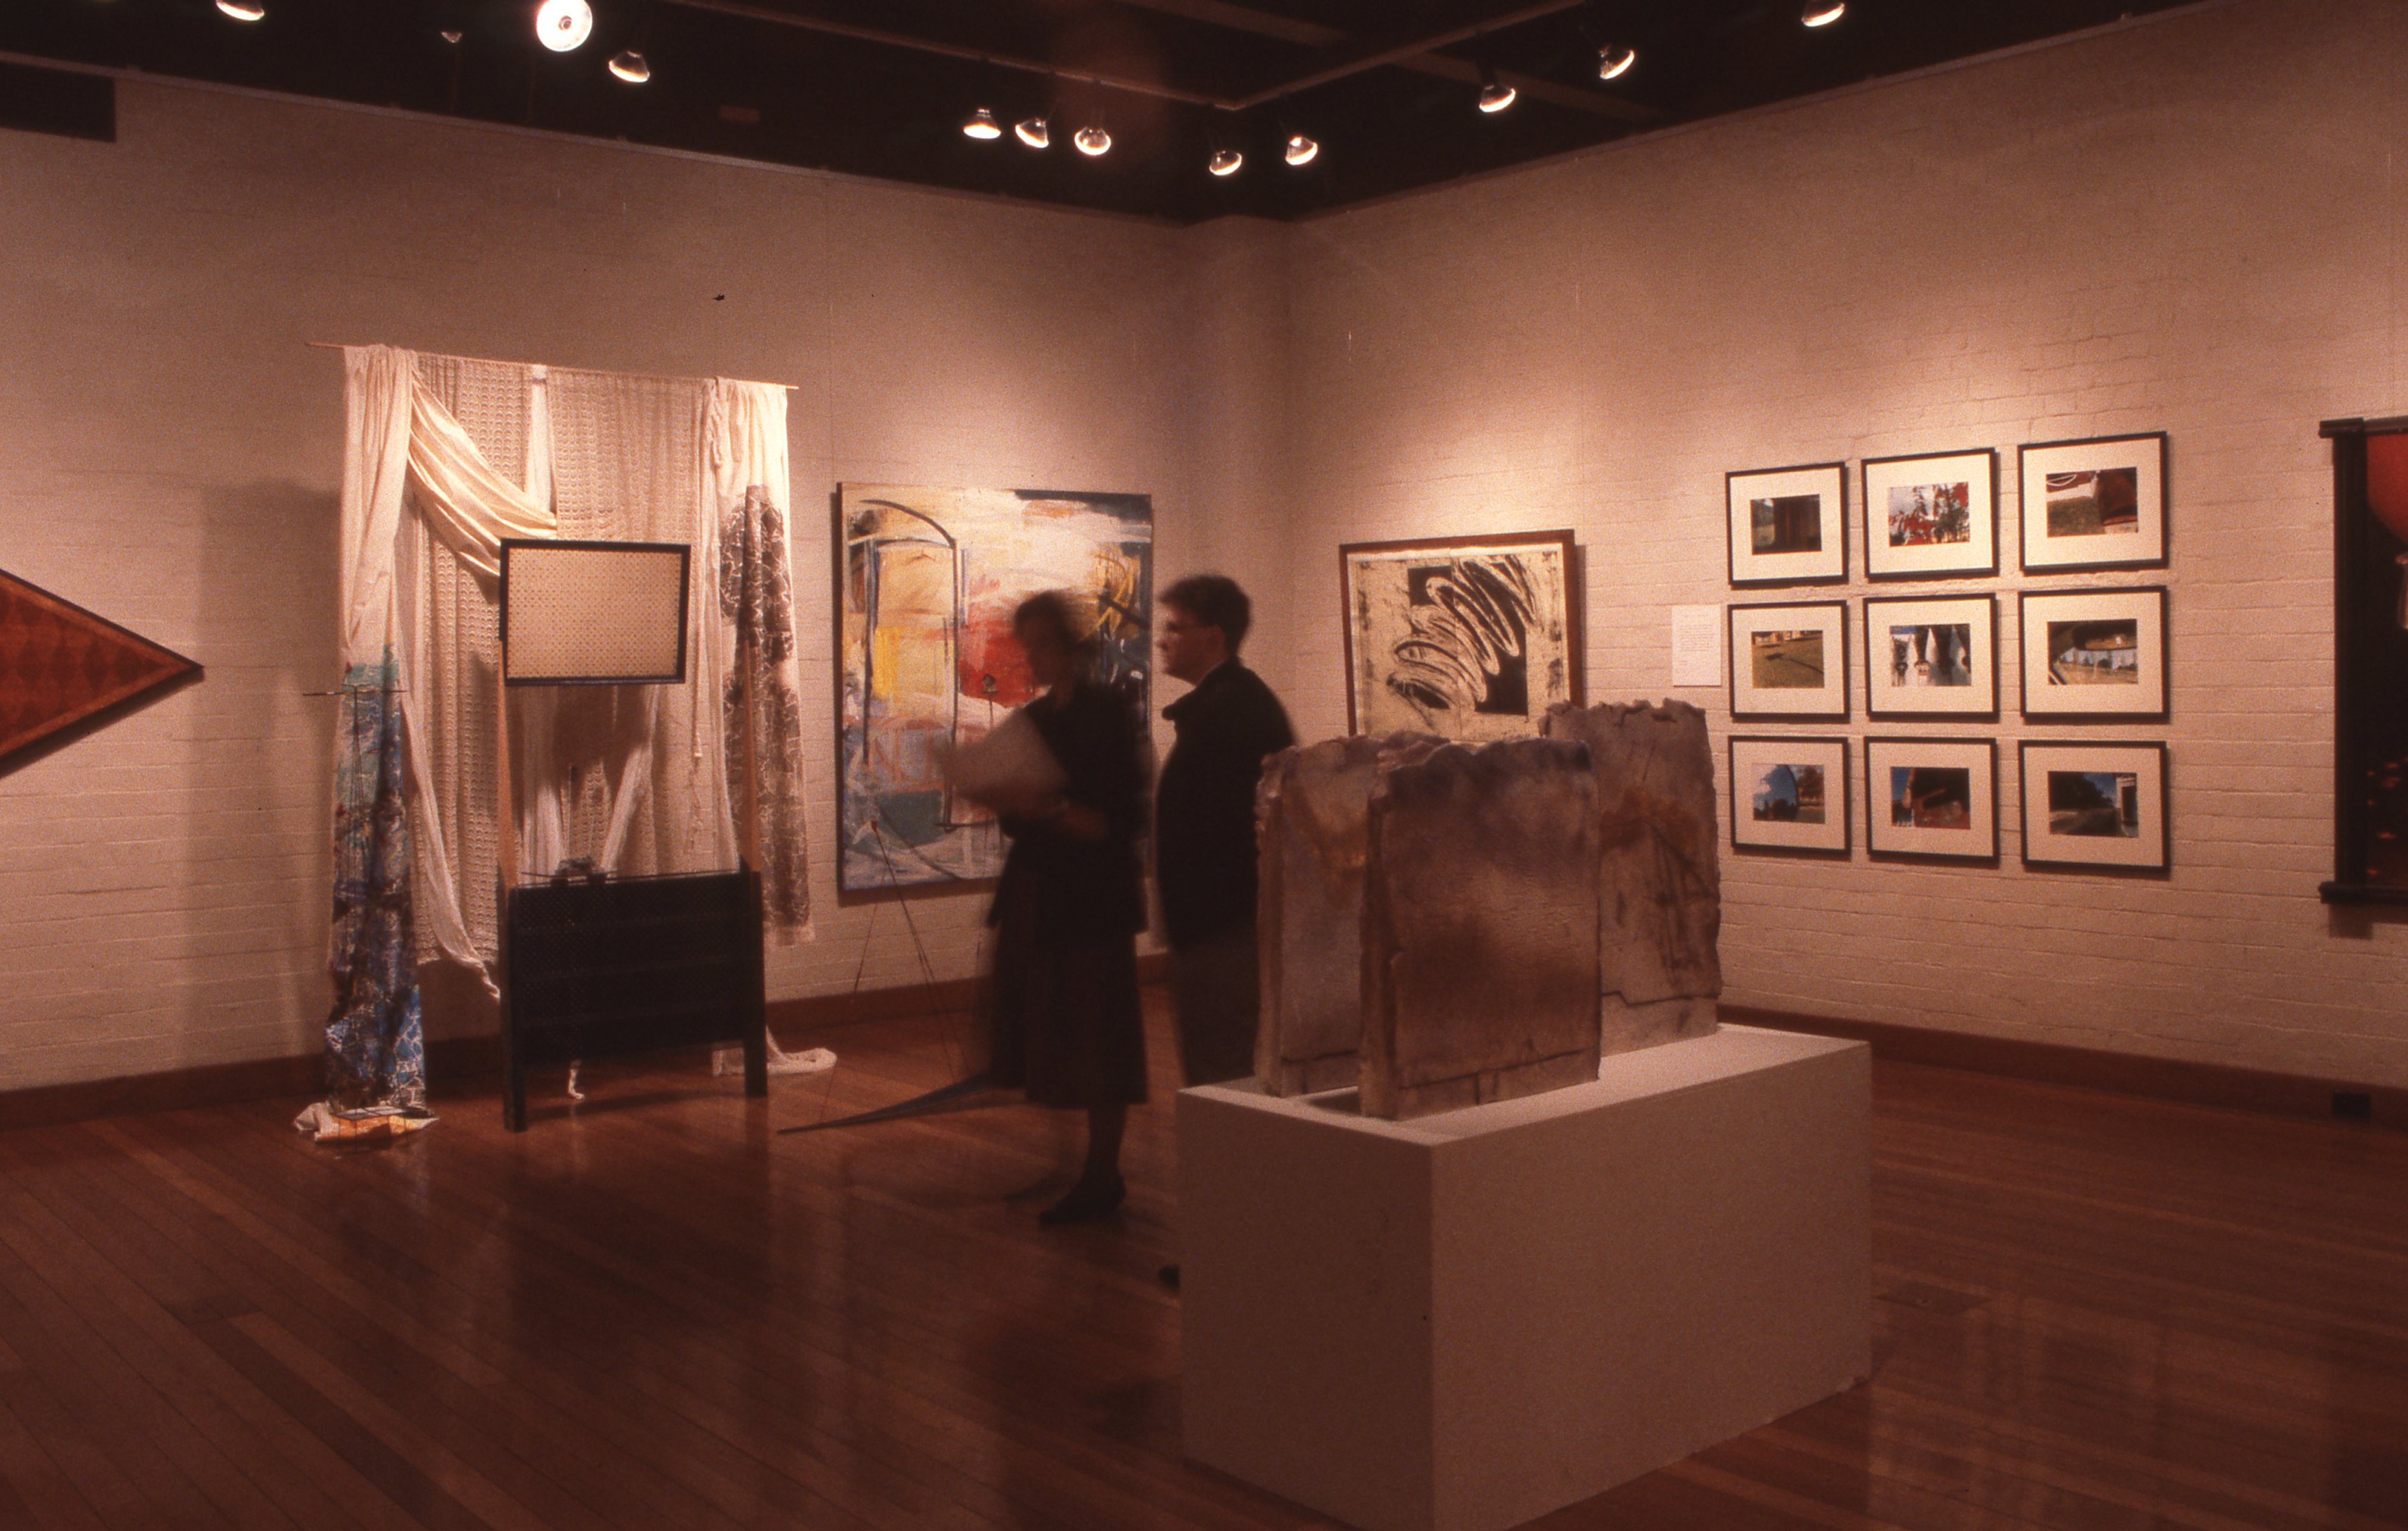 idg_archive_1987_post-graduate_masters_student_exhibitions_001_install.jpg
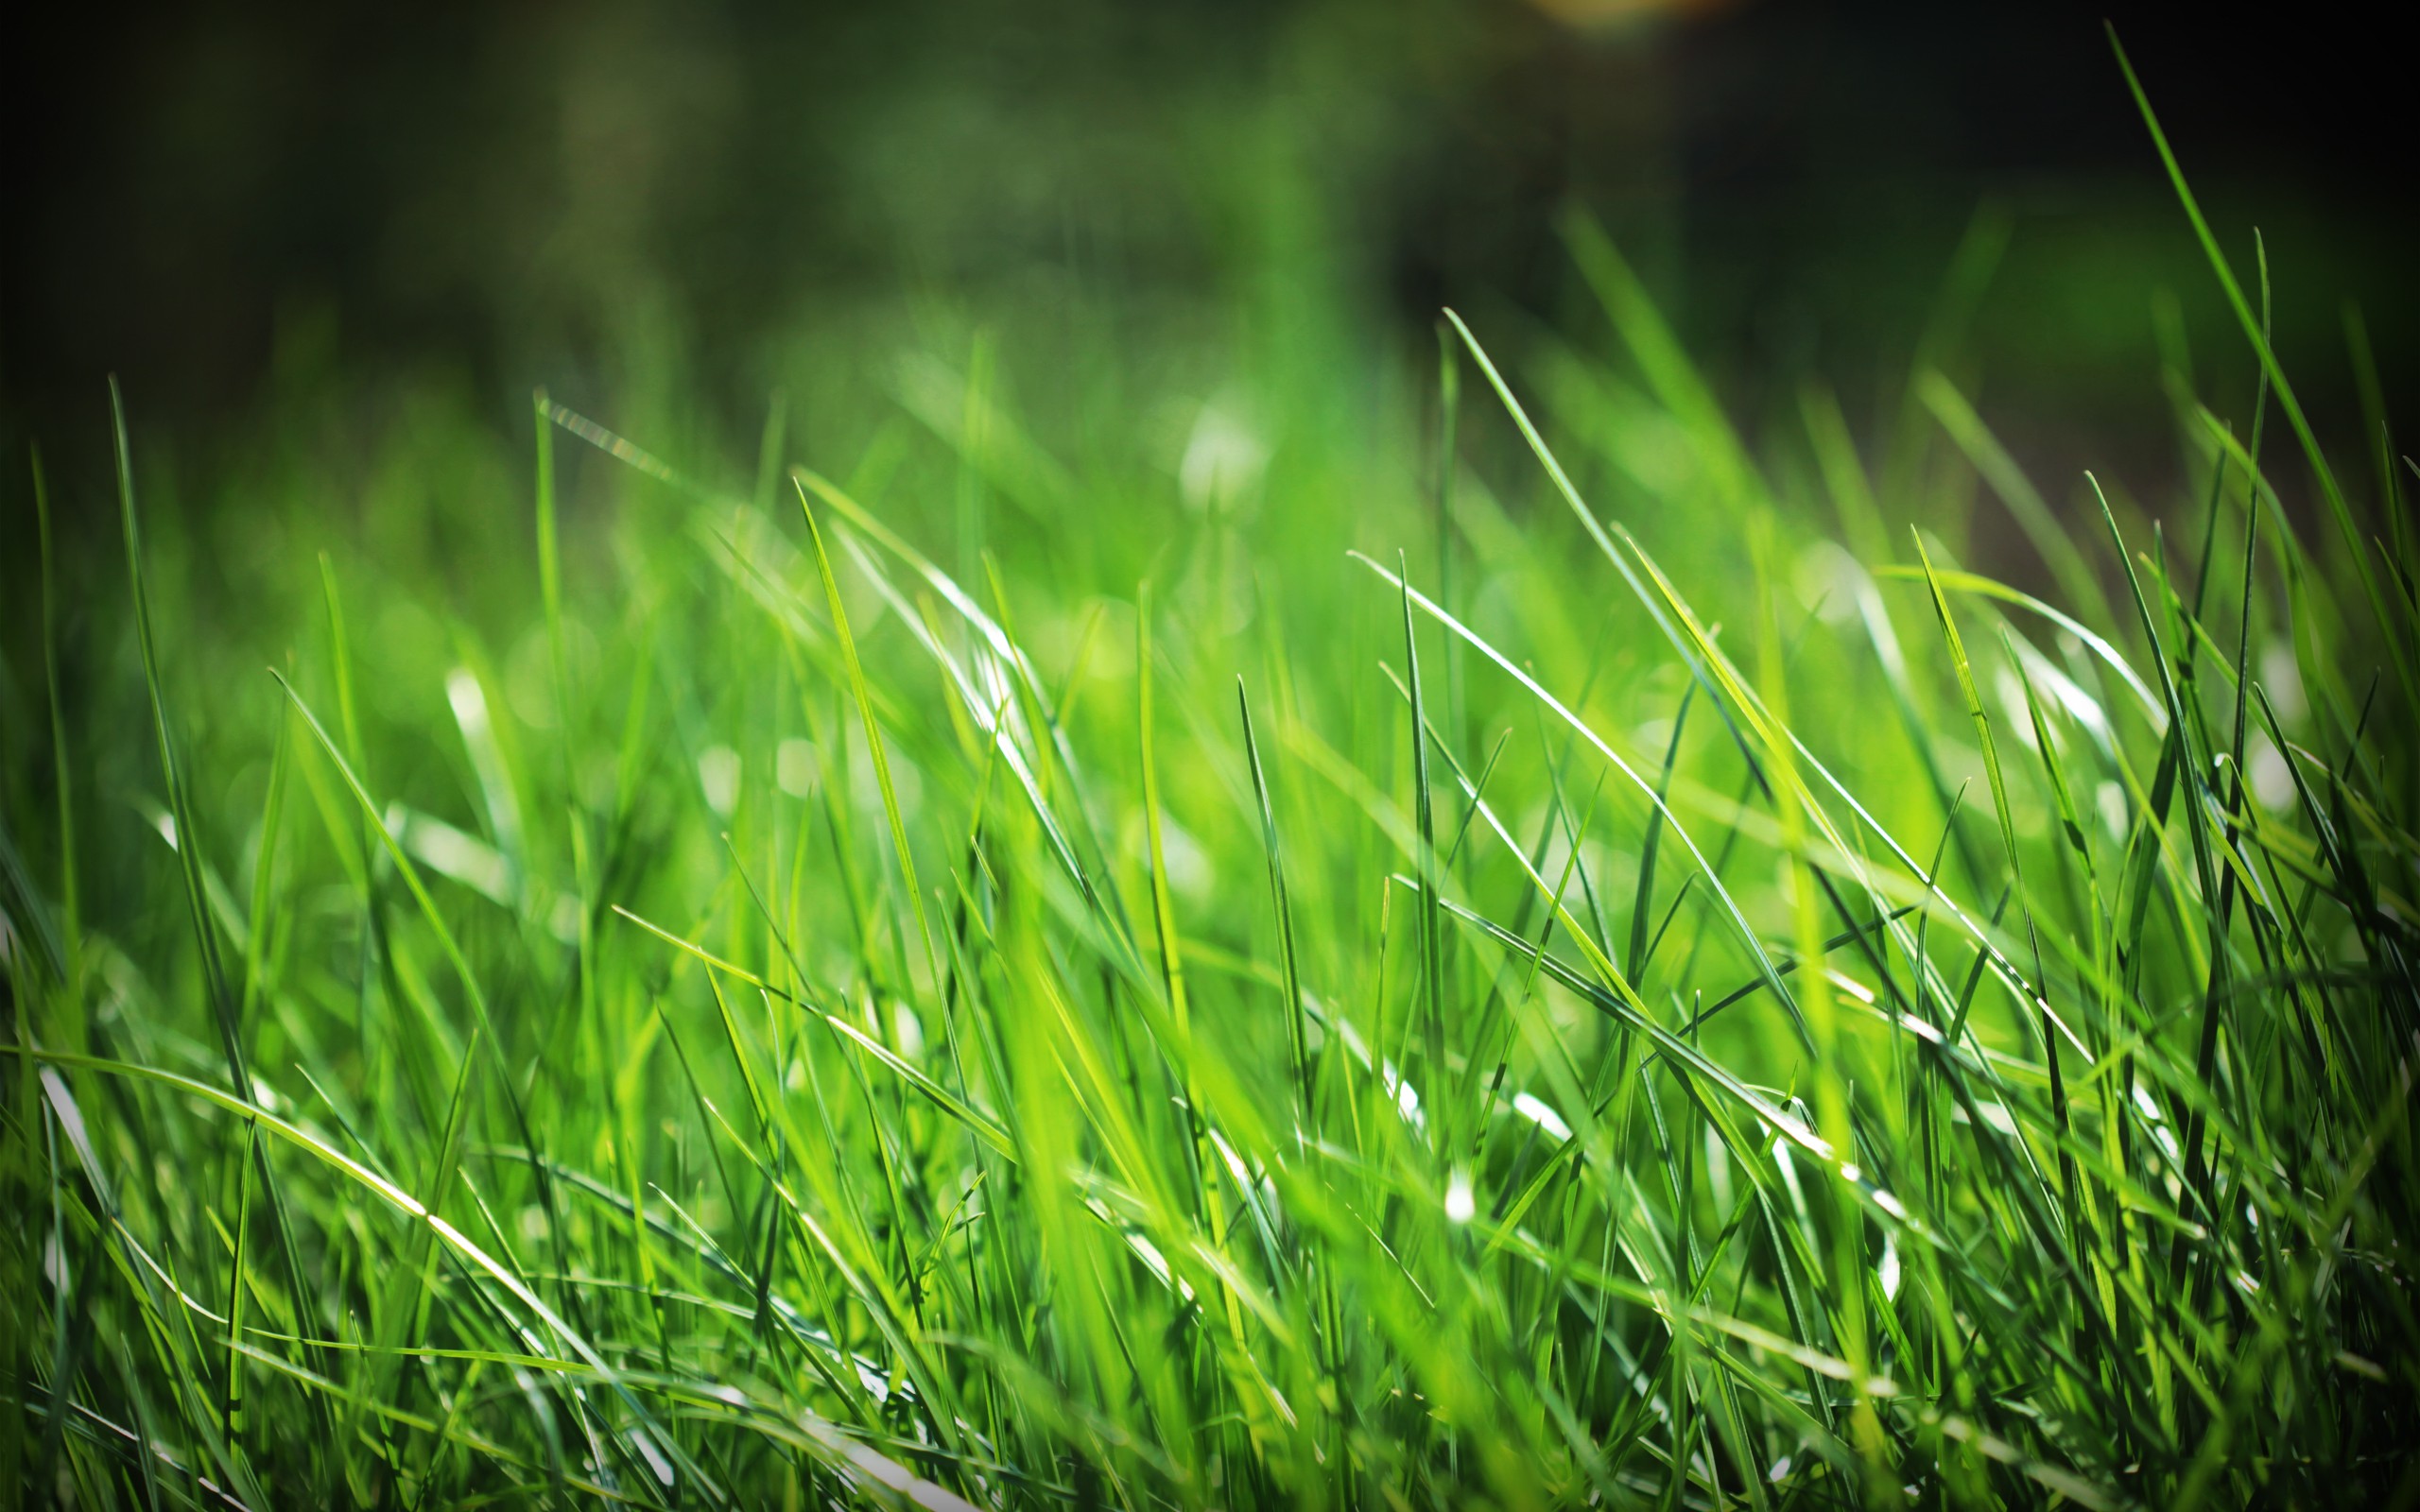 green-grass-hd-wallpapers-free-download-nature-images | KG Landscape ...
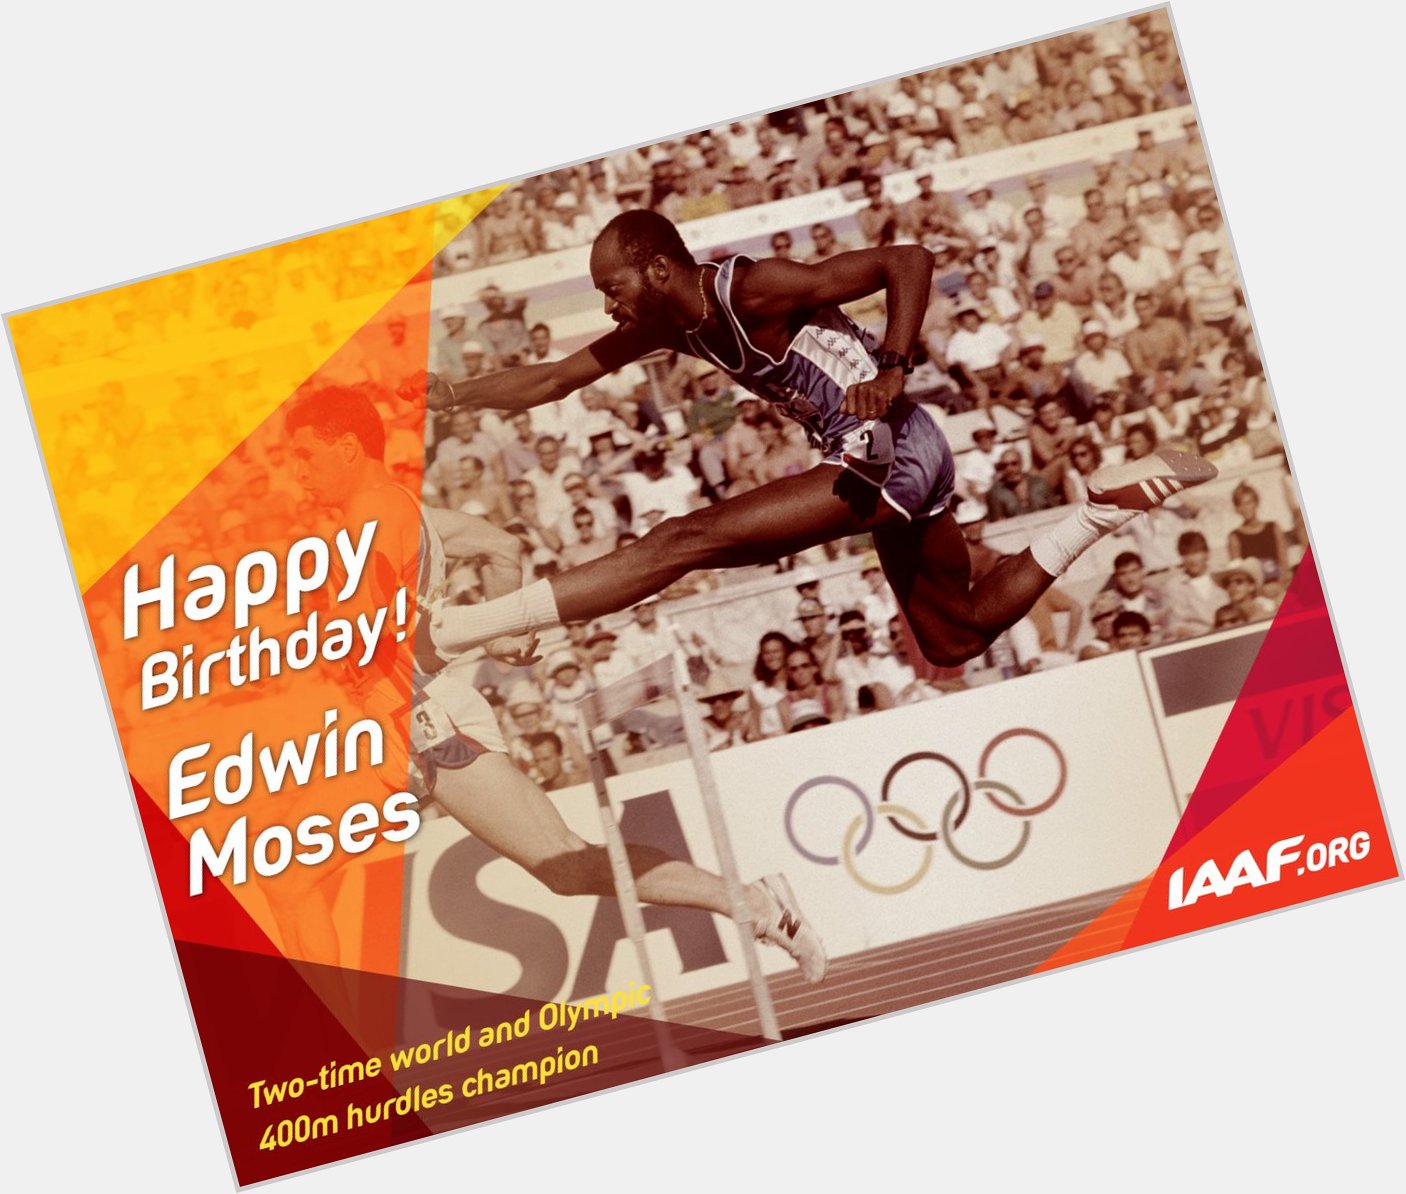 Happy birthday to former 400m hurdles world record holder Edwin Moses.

---+---

### WHAT THE TASK ASKS:
No pictures belong in the copy. Retype exactly, and only, the lines from the line containing "green-grass-hd-wallpapers-free-download-nature-images | KG" through the last line of the data, both included.

### ANSWER:
 green-grass-hd-wallpapers-free-download-nature-images | KG Landscape ...
 Happy birthday to former 400m hurdles world record holder Edwin Moses.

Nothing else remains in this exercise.